Data below:

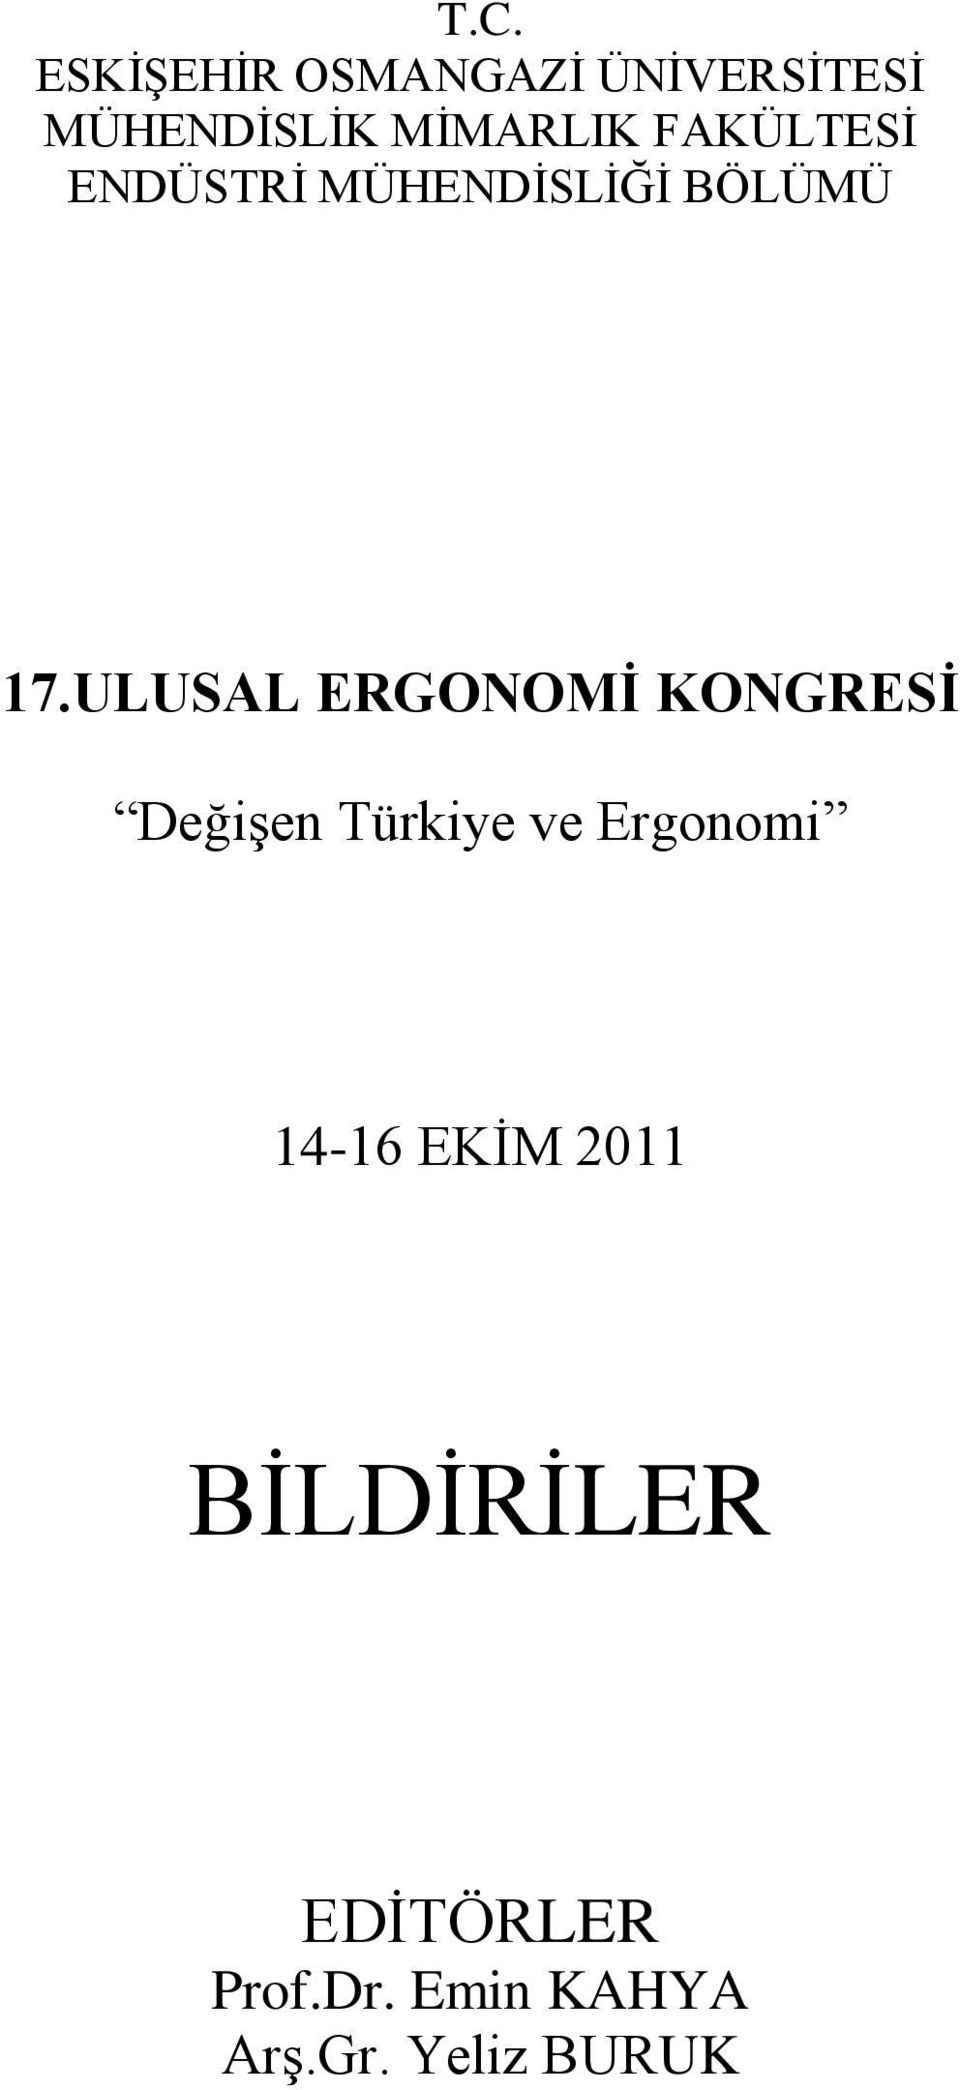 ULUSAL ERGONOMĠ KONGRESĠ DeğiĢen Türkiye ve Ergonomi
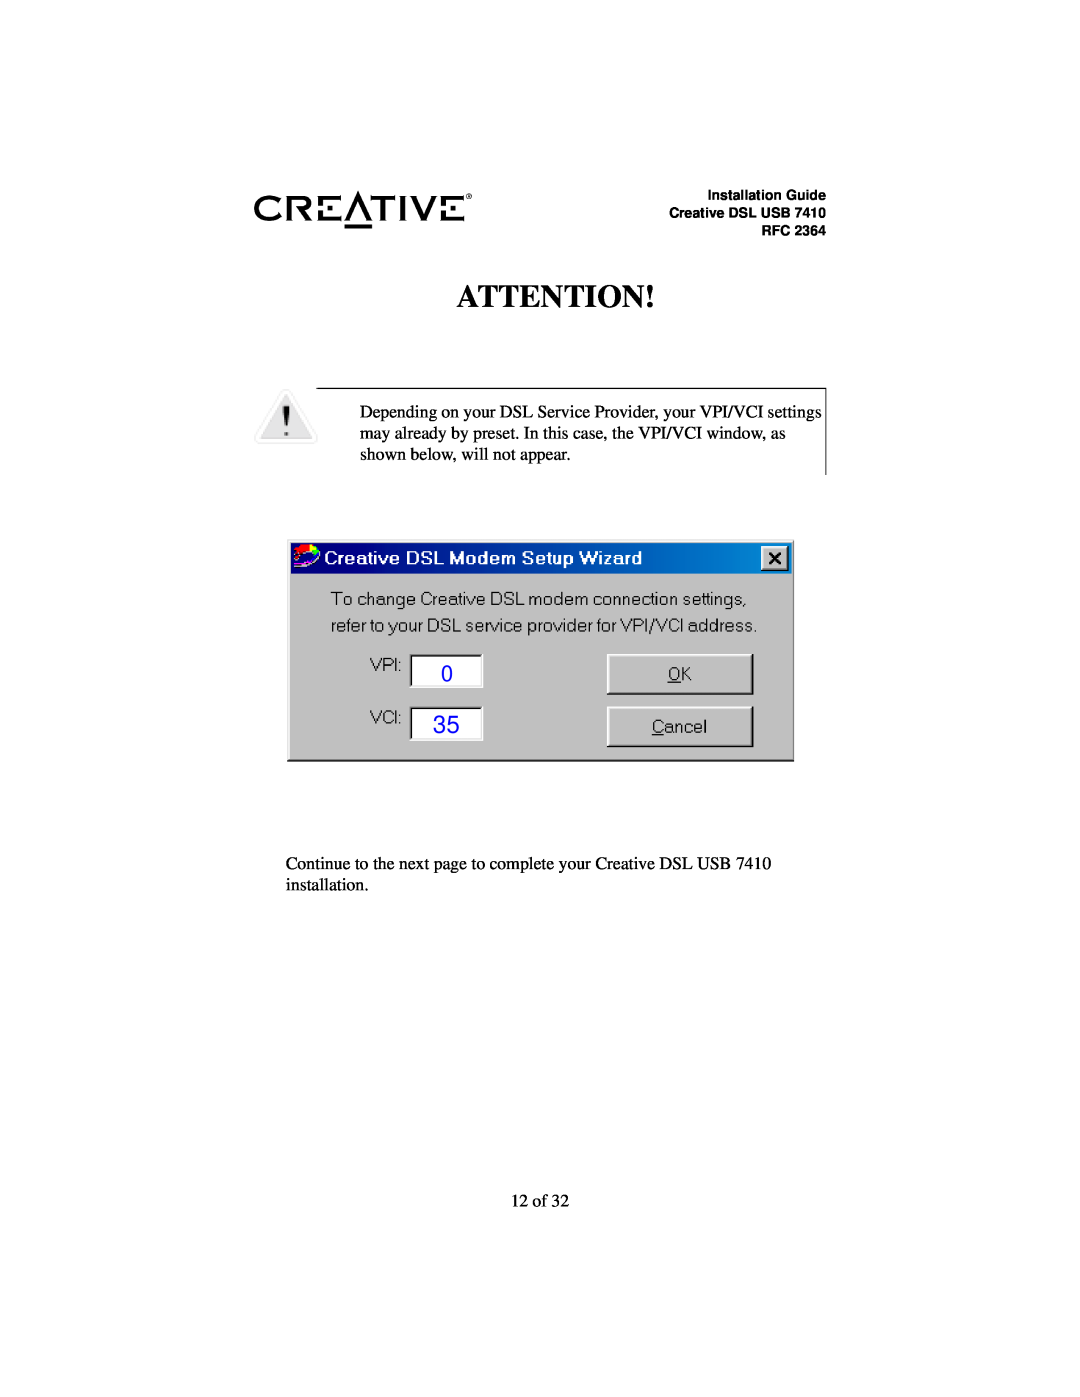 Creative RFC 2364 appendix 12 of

End of Data.
Data below:

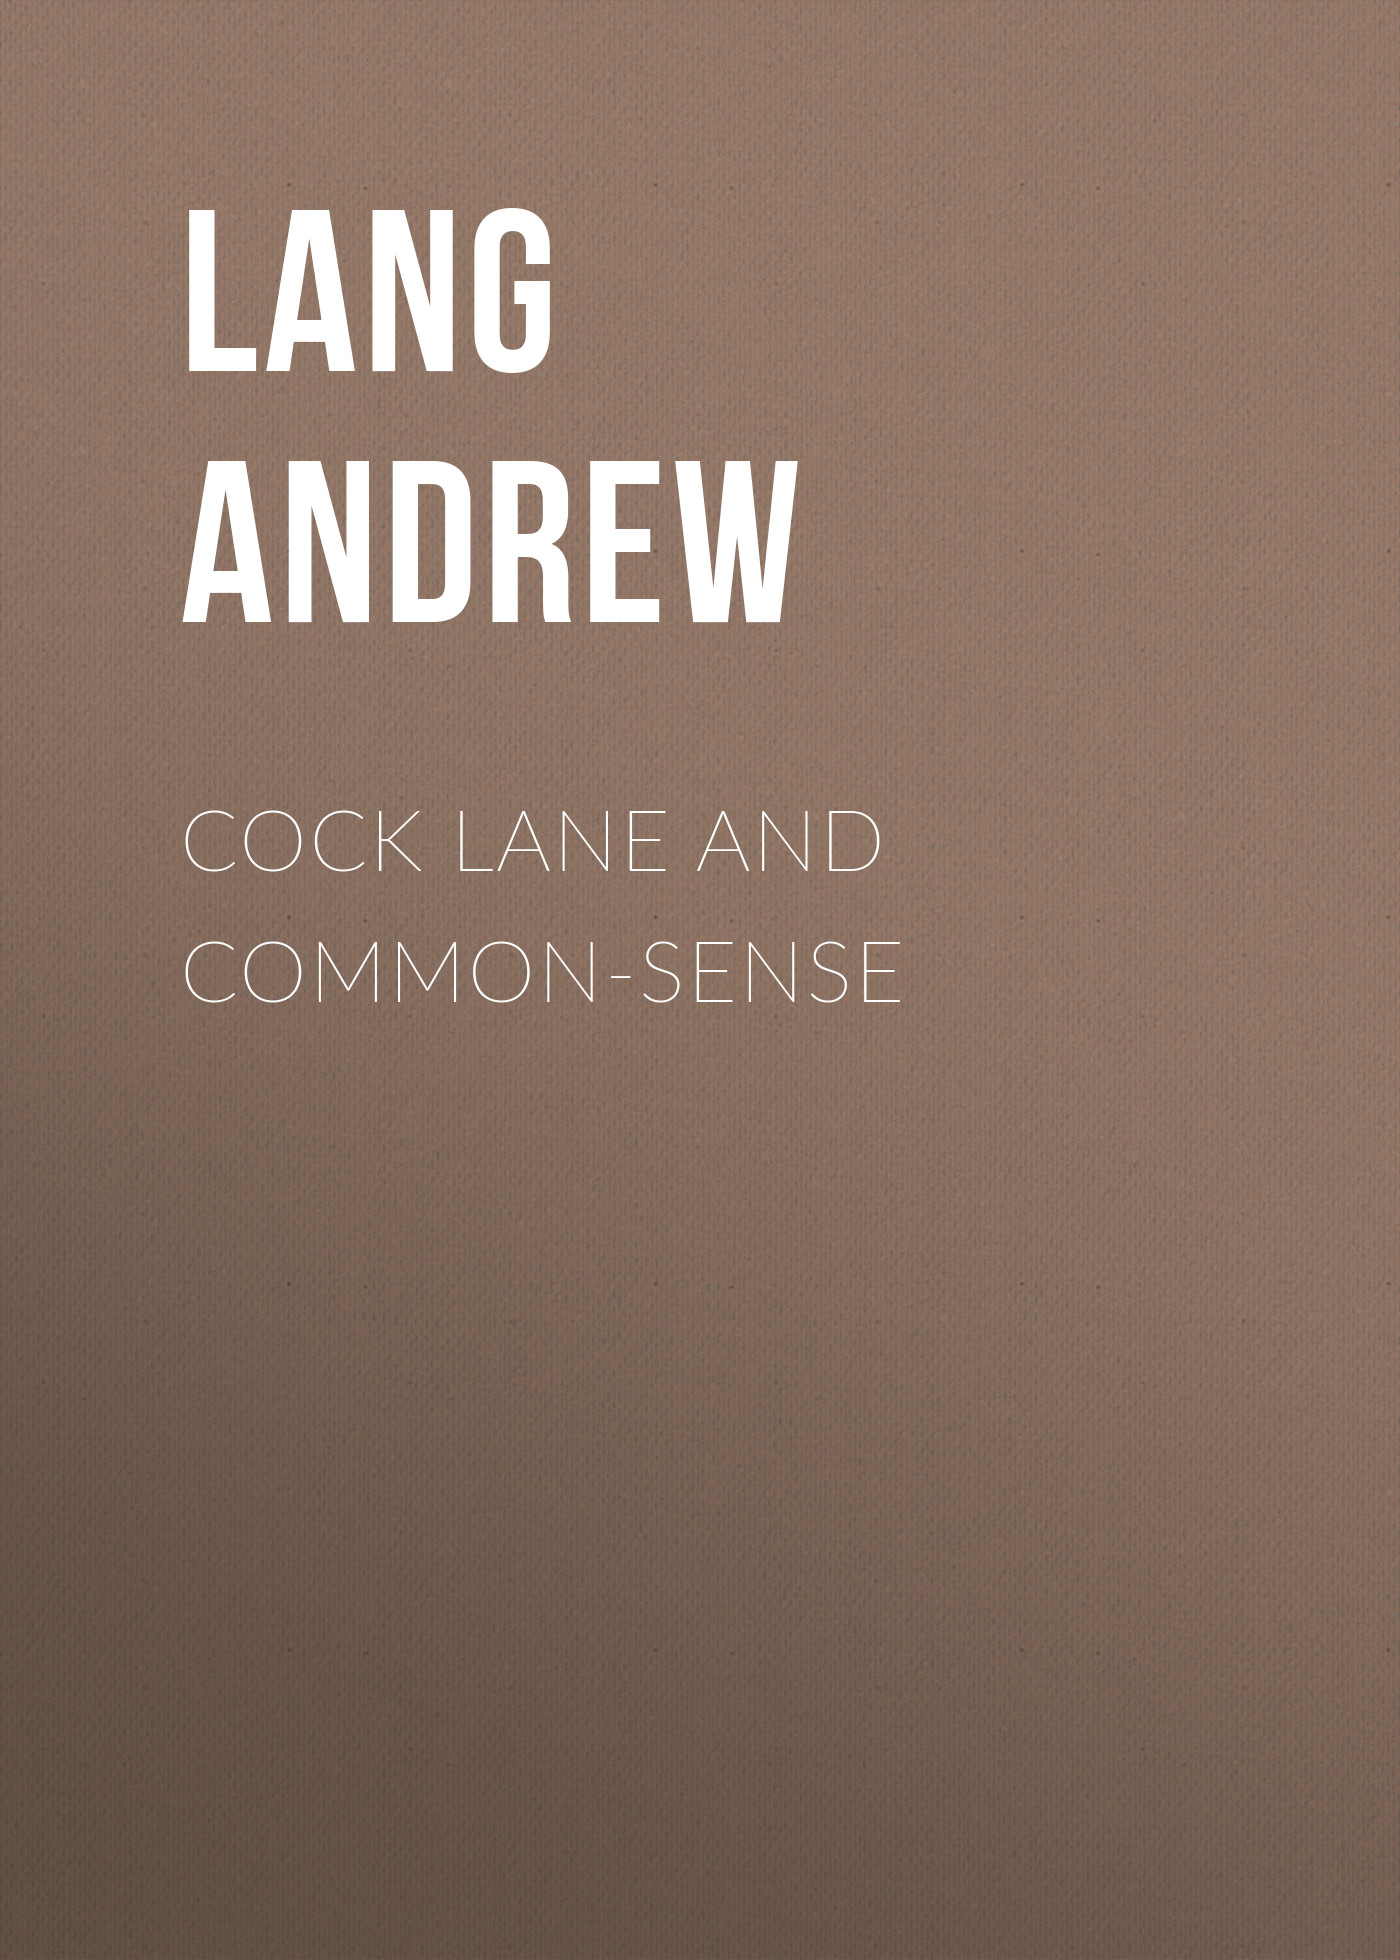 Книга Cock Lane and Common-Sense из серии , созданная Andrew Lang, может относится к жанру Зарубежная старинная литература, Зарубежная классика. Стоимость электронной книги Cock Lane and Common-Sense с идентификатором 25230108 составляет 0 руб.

End of Data.
Data below:

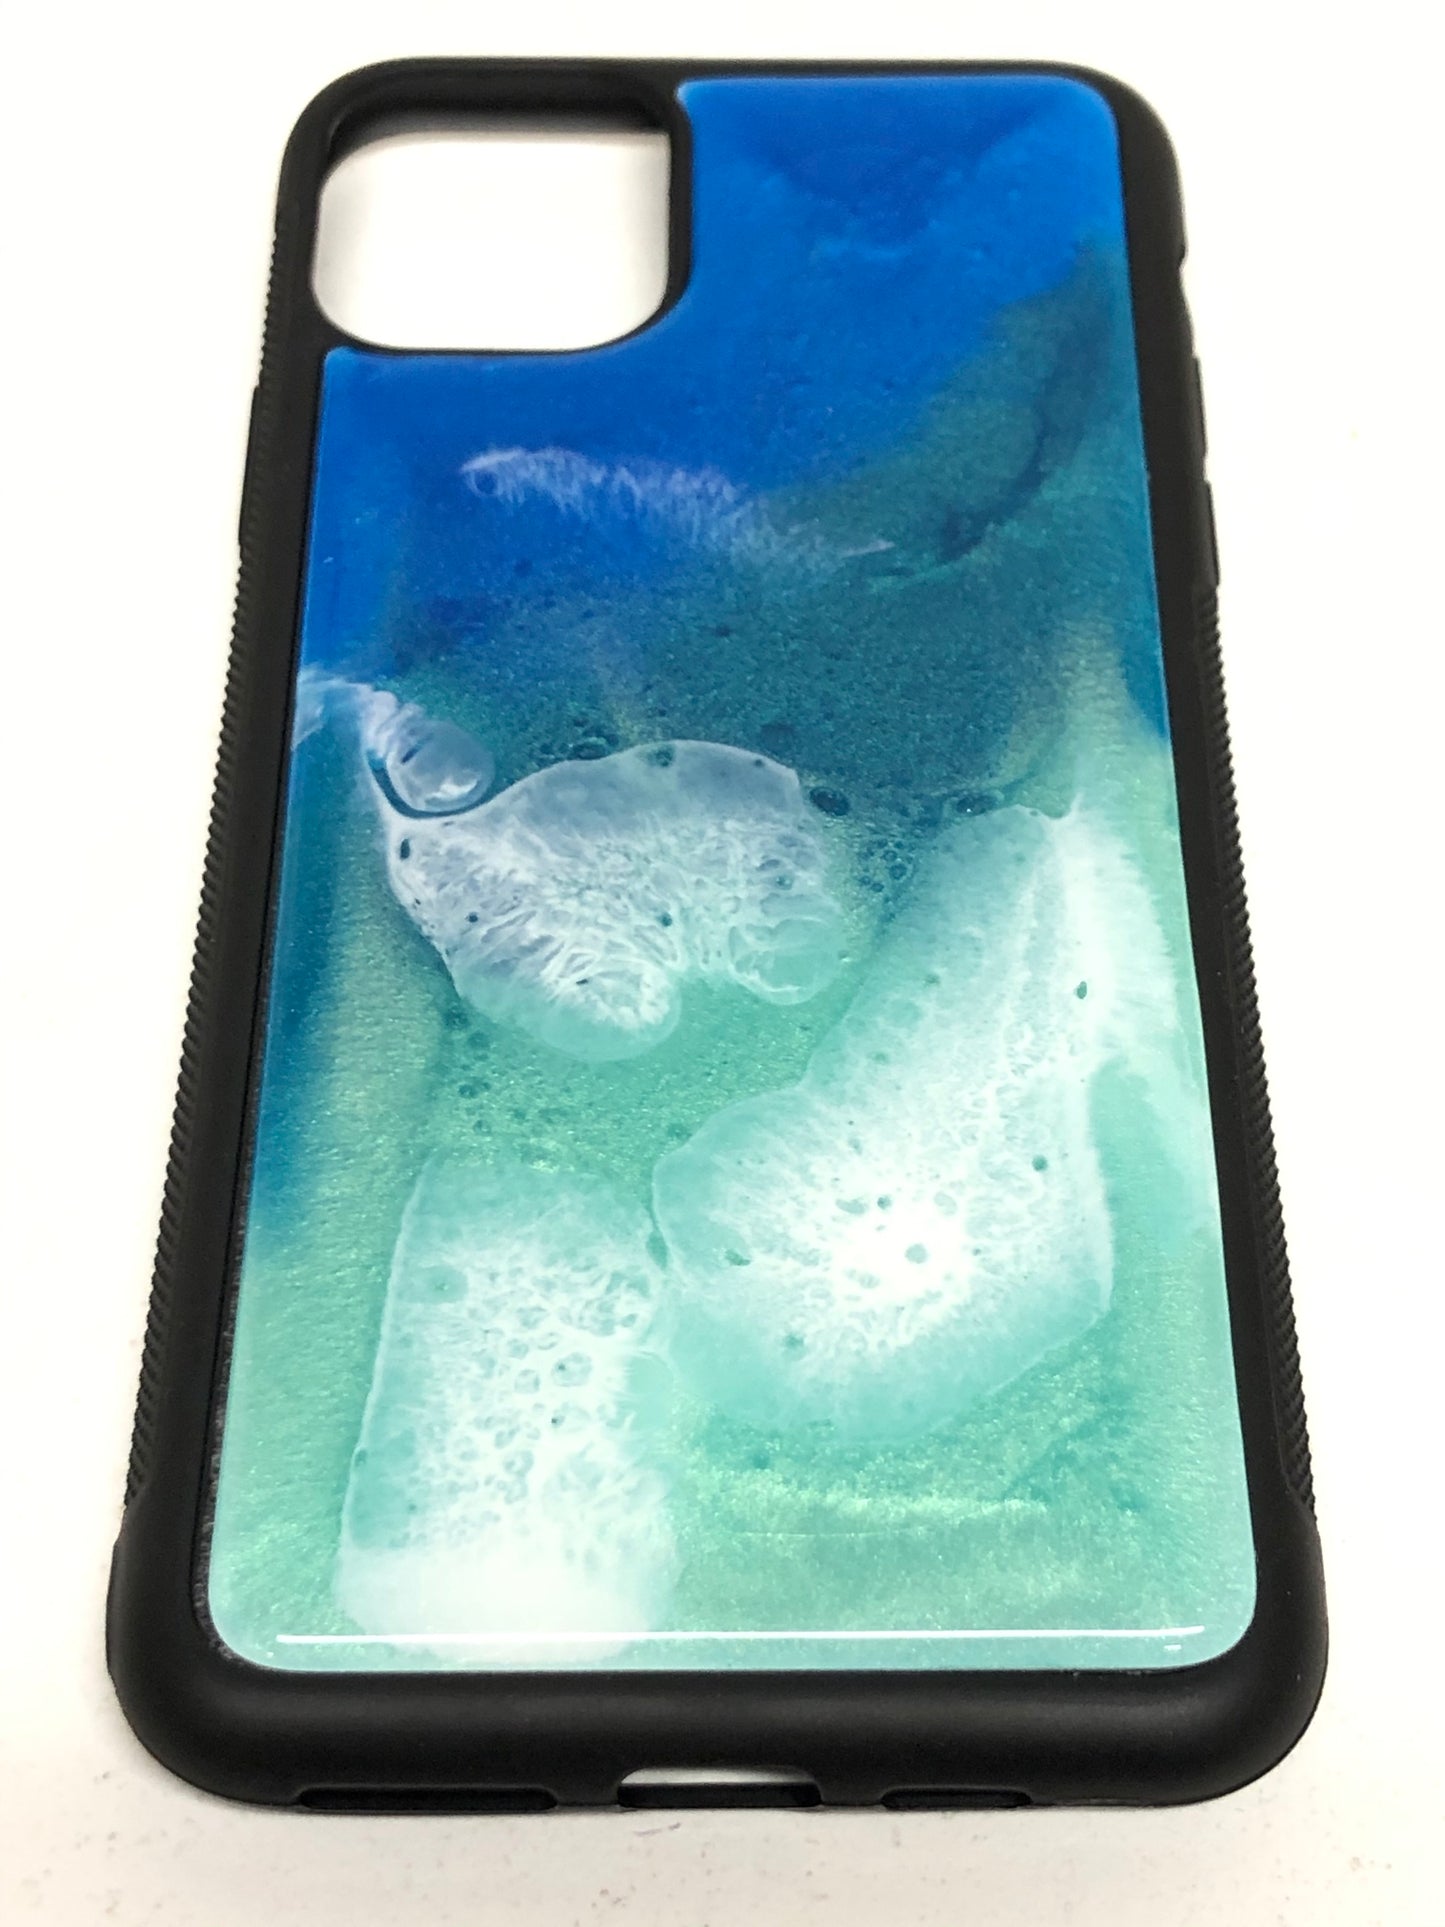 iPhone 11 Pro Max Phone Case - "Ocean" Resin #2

End of Data.

**The task**
Going back to the data above, write out everything from the line with "ULUSAL ERGONOMĠ KONGRESĠ" down to the line with "Creative RFC 2364 appendix 12 of", both included, leaving every picture out.

**Result for this task**
 ULUSAL ERGONOMĠ KONGRESĠ DeğiĢen Türkiye ve Ergonomi
 Creative RFC 2364 appendix 12 of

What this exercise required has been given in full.